Allah düşürmesin! Ama "Türkiye Türklerindir" logolu bu gazetenin kimi ezilenler için gizemli bir çekiciliği var. Başörtüsü nedeniyle senelerce kamusal alandan tecrit edilmiş kadın vekil, birkaç yıl önce "411 el kaosa kalktı" manşeti atan o gazetede soluğu alır. Yargı ve anayasa konularındaki demokrat tutumundan ötürü eşi üzerinden iğrenç bir linç kampanyasına tabi tutulan akademisyen, daha sonra elli tane açıklama yapmak zorunda kalacağı o röportaja uçarak gider vs.
Hatırlıyorum, bir dönem ülkenin en marjinal, muhalif gazetesinin yayın yönetmeni bile, sansasyonel haberlerinin nasıl yankı bulduğunu ölçmek için güne Hürriyet'le başlardı, bizlere çaktırmamaya çalışarak. Kıblesi, mücadele ettiği askeri vesayetin en büyük destekçisi olduğunu söylediği amiral gemisiydi.
Son olarak da HDP'nin Ermeni Milletvekili Garo Paylan bu gazeteye bir röportaj verdi. Ama ne röportaj! Paylan, tanıdığı ve kendisi gibi Ermeni olan Ak Parti milletvekili Markar Esayan'ı yerden yere vurdu.
Amacına ulaşan röportajcı ve gazetesi de layığıyla kullandı, bir ötekinin kendisi gibi itinayla çevrede tutulmuş öteki hakkındaki utanç verici sözlerini.
Üstelik bir taşla iki kuş vurarak.

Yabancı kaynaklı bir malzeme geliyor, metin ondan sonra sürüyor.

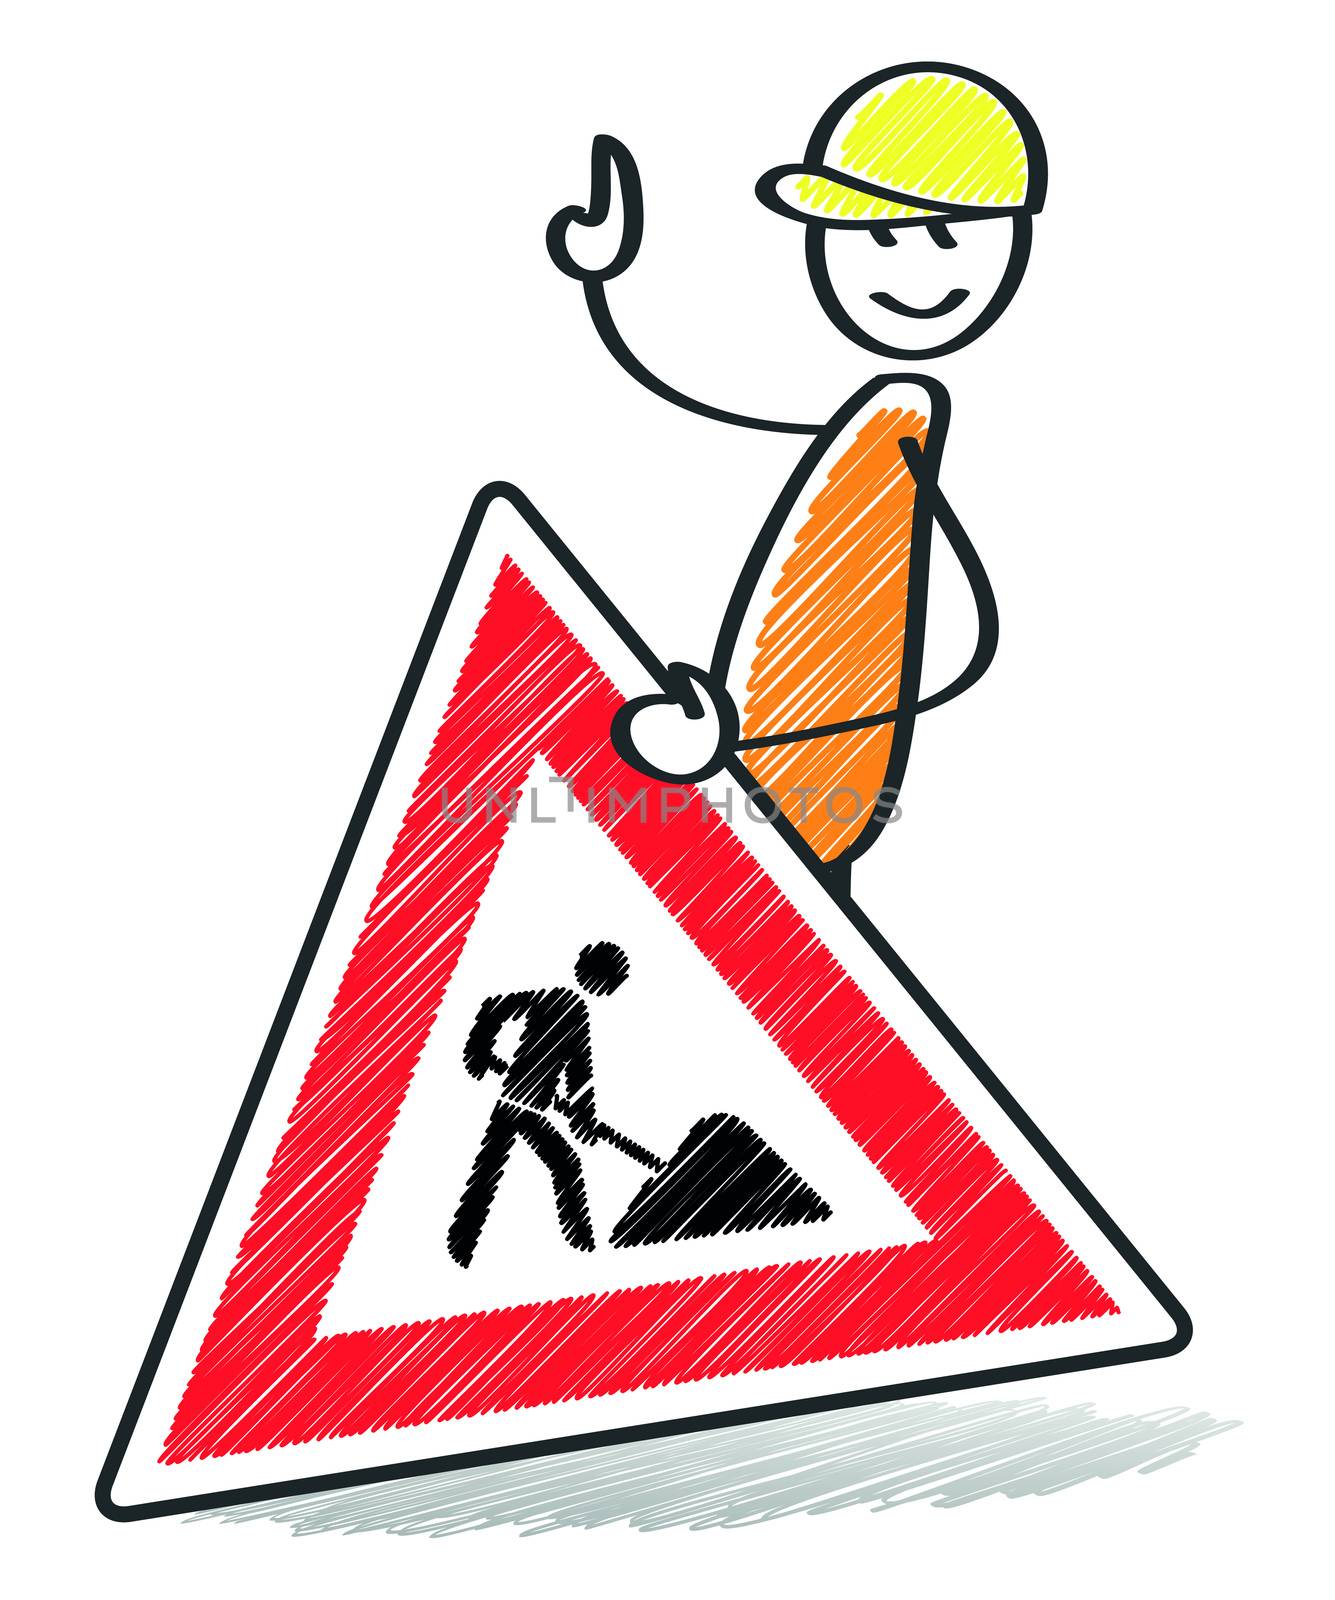 An image of a warning sign with a stick man

Araya, bir Kürt vekili de sıkıştırarak: "Markar Esayan'ın Mehmet Metiner'den farkı yok!"
Garo Paylan, gördüğüm izlediğim kadarıyla demokrat, kendi halinde, mülayim bir adamdı. Ne oldu da provokatif Sabiha Gökçen haberleriyle Hrant'a o "güvercin tedirginliğini" yaşatan yolun taşlarını döşeyen gazetede farklı siyasi tercihi olan Ermeni bir dostunu linç edecek açıklamalar yaptı? Hem de araya Hrant'ın değerli hatırasını "parça niyetine" atarak...

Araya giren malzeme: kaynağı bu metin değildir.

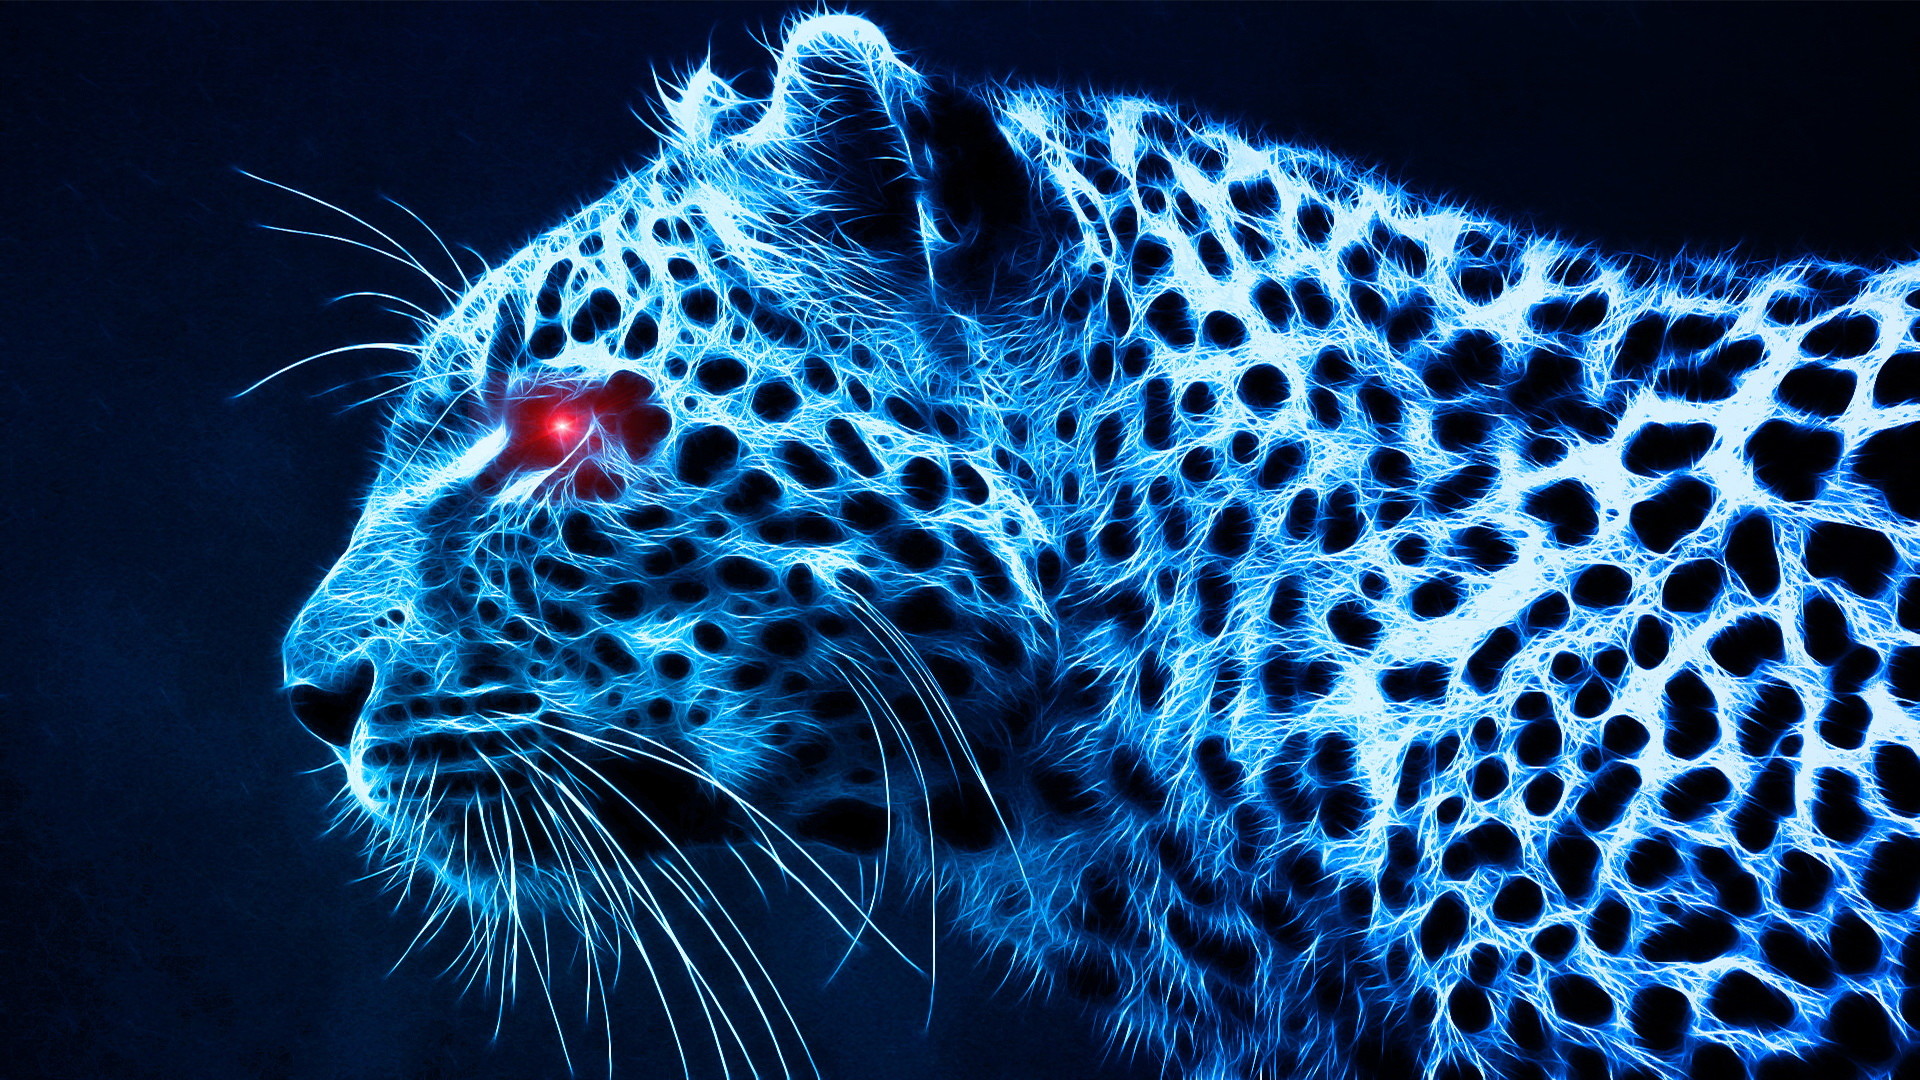 1920x1080 photos download leopard wallpapers hd desktop wallpapers high definition  monitor download free amazing background photos artwork 1920Ã1080 Wallpaper  HD

İki satırlık mülakatta Markar'ın adını 22 kez anacak kadar kendisini dolduran neydi? "Norm benim" diyen kibriyle, cemaatinden eski bir dostunun "nedamet getirmesi gerektiğini" söyleyebilecek kadar nasıl faşizanlaştı? Üstelik, Ahmet Kaya için "Vay şerefsiz" manşeti atarak bir dönem memlekette yükselen Kürt düşmanlığına elinde körükle yürüyen o gazetede, Ak Partili bir Kürt vekili de aşağılayarak...
Ama işte bu anlaşılmaz tavrın da insani nedenleri var. Bu tarz durumlarla her karşılaştığımda atıfta bulunduğum, başucu kitaplarımdan "Ezilenlerin Pedagojisi" geliyor aklıma. Paulo Freire bakın sistemin ötekileştirdiği bireylerin, aynı dertten muzdarip yoldaşına "mutlaka" yönelecek şiddetinin nedenini nasıl teorize ediyor:
"Ezilenlerin hümanist görevi hem kendilerini hem de kendilerini ezenleri özgürleştirmektir. Ancak çoğu zaman ezilenler kendilerini özgürleştirmeye giriştiklerinde alt-ezici bir konuma kayarlar ve ezenlerle özdeşleşirler, çünkü kendilerini ezenlerin kişiliğinde 'insanlık modelini' görürler. Bu ezen imgesinin kültürel işgal sayesinde içselleştirilmesine dayanan 'otoriter bir gelenektir' (prescription). Buna 'kendini küçük görme' (self-depreciation) duygusu eşlik etmektedir. Bu duygu bir yanda ezenlerin yaşam tarzına öykünme, diğer yanda kendisinin buna ulaşmaktaki yetersizliğine ikna olmadan kaynaklanan bir utançtan kaynaklanır. Özgürleşme ezenlere ait bu imgeyi reddetmektir."
Üzülüyor insan. Yo, coşkusuna, demokratlığına, insaniyetine yıllardır her vesileyle şahit olduğum Markar için değil, Garo Paylan'ın haline dertleniyorum. Eminim Markar da "Ne yaptığını bilmiyor" diyerek eski dostunun haline kederleniyordur, kızmıyordur da.
Hrant'ın saygıdeğer eşi Rakel Dink'in "bir bebekten katil yaratan karanlık dediği" sistemin varlığına, esir aldığı ruhların nobranlığına daha kaç kez tanıklık edeceğiz?